● **Your instructions**
Leave out the pictures and restate the rest of the data exactly.

[[ Material provided open ]]

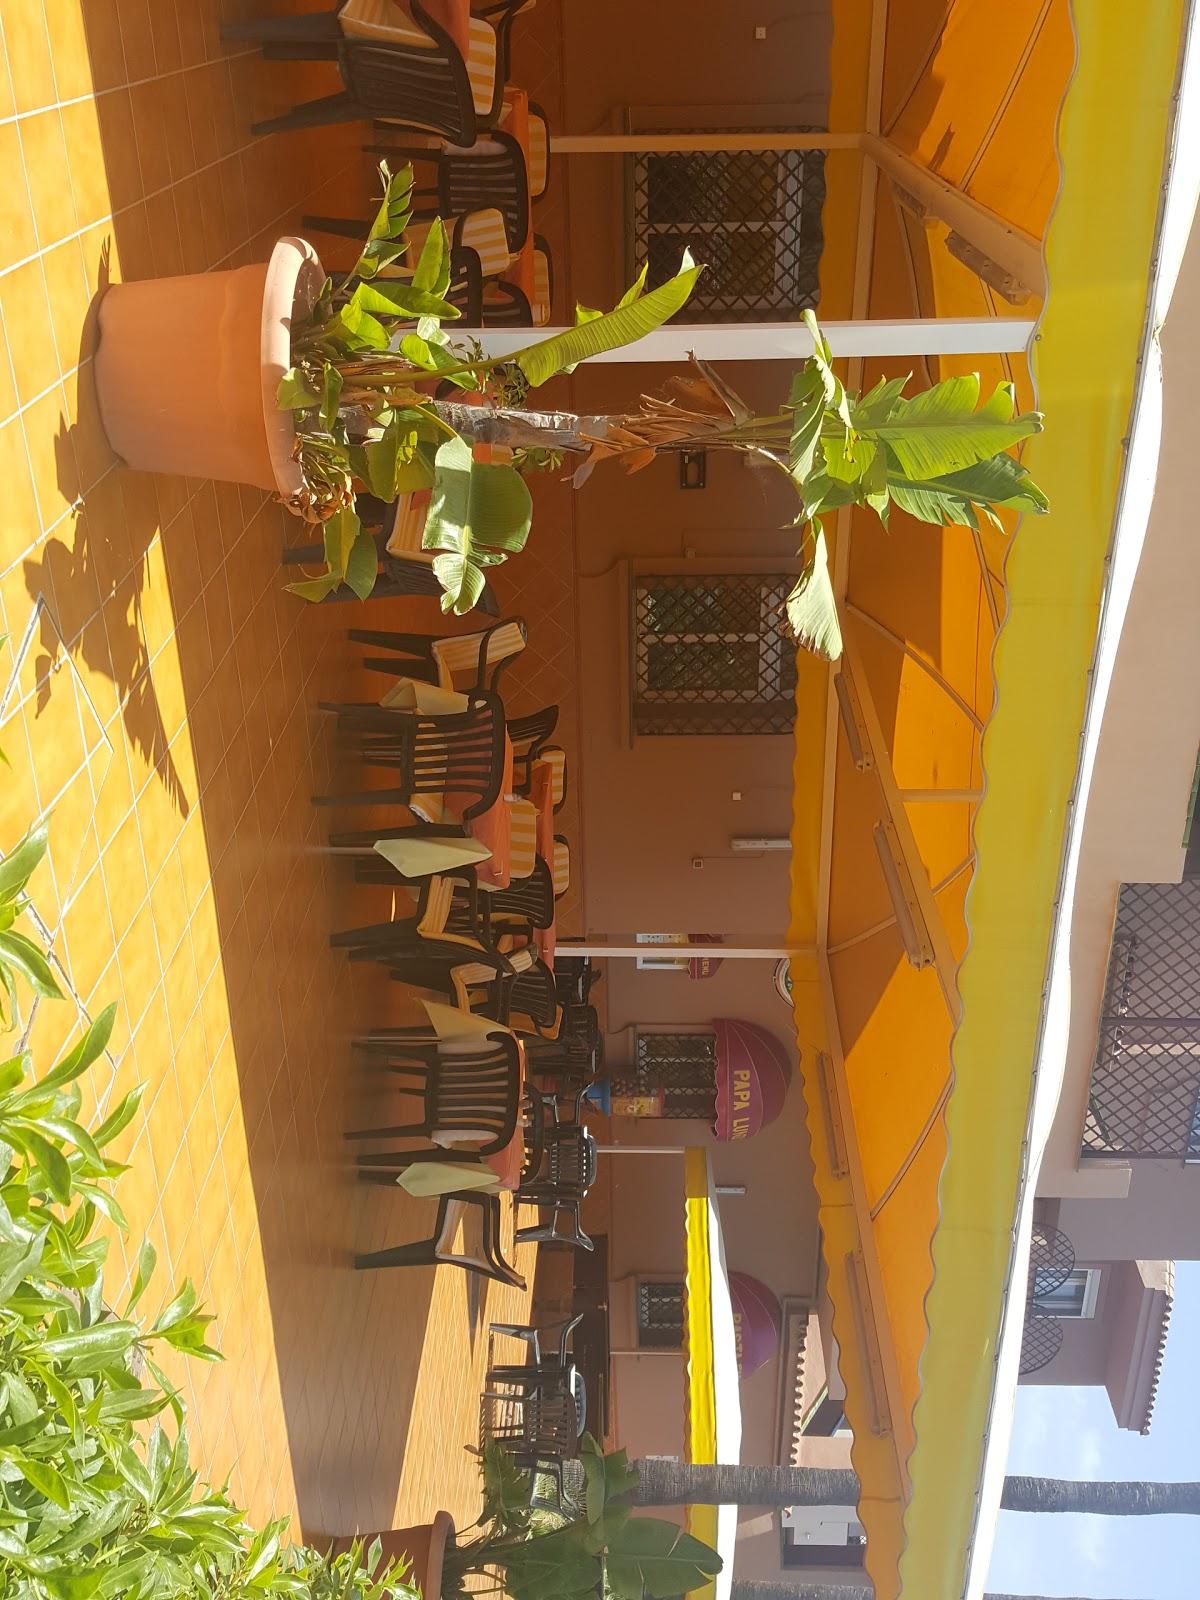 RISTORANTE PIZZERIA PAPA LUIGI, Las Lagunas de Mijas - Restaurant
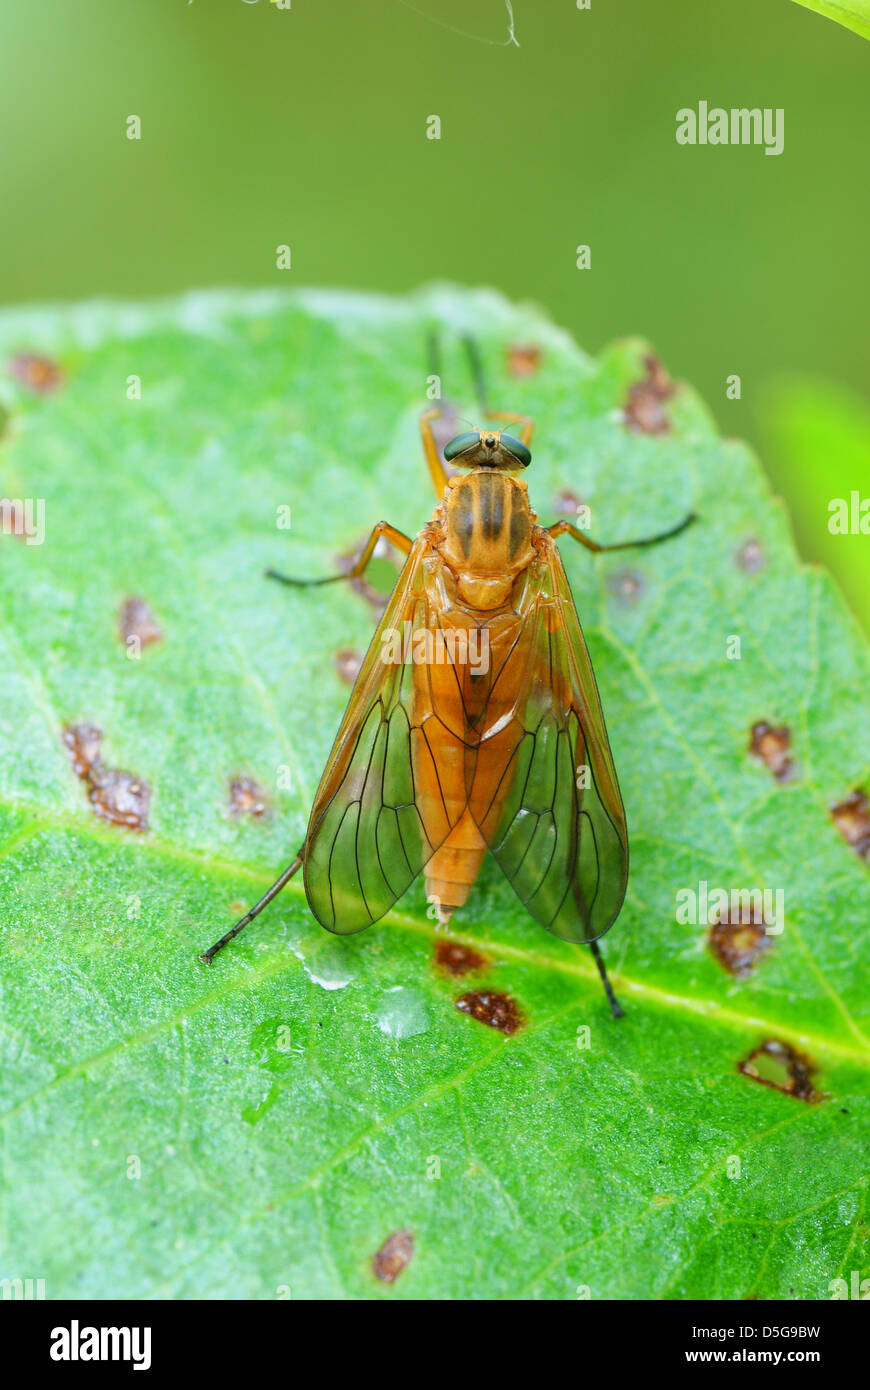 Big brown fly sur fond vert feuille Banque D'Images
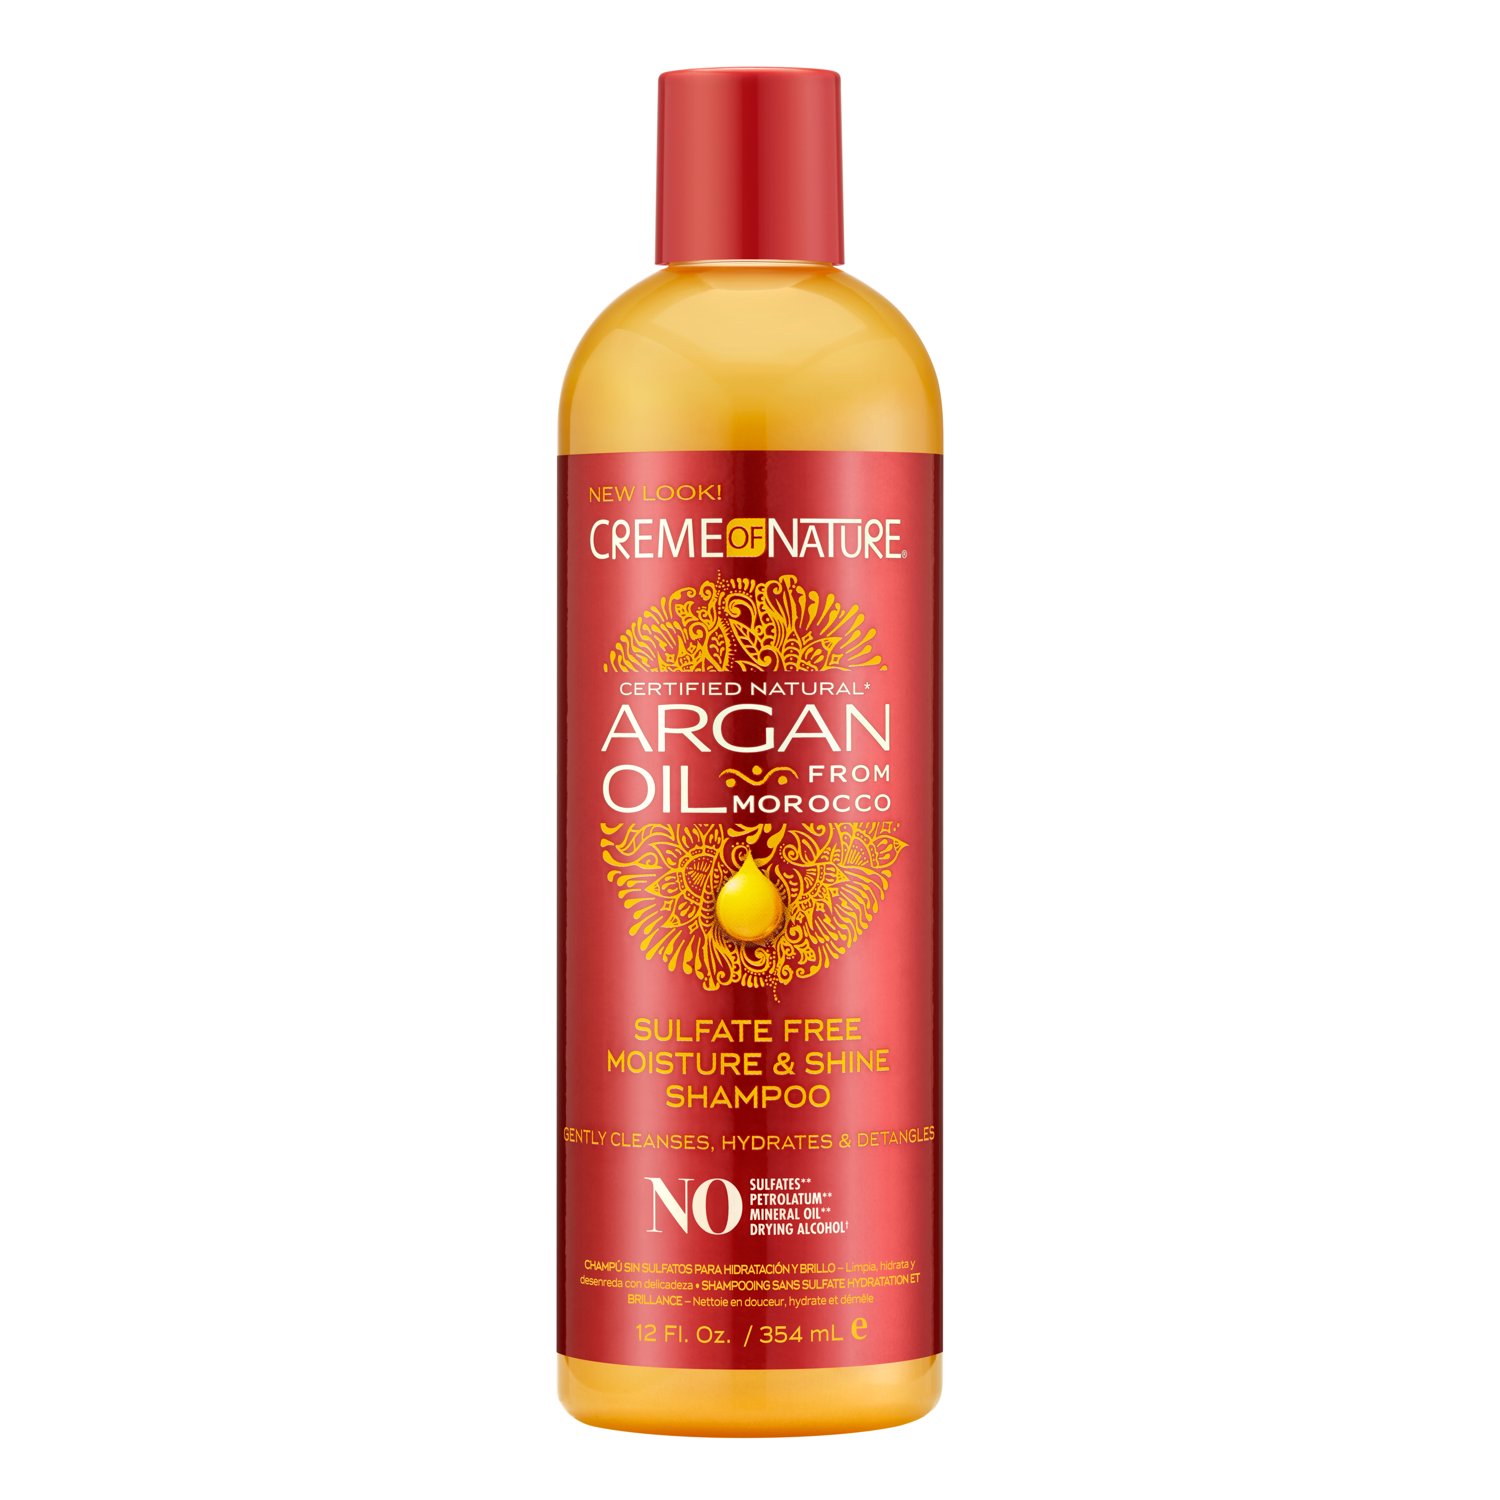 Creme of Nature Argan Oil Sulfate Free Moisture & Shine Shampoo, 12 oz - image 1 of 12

[[ Material provided closed ]]

● **Solution to this problem**
 RISTORANTE PIZZERIA PAPA LUIGI, Las Lagunas de Mijas - Restaurant
 Big brown fly sur fond vert feuille Banque D'Images
 Creme of Nature Argan Oil Sulfate Free Moisture & Shine Shampoo, 12 oz - image 1 of 12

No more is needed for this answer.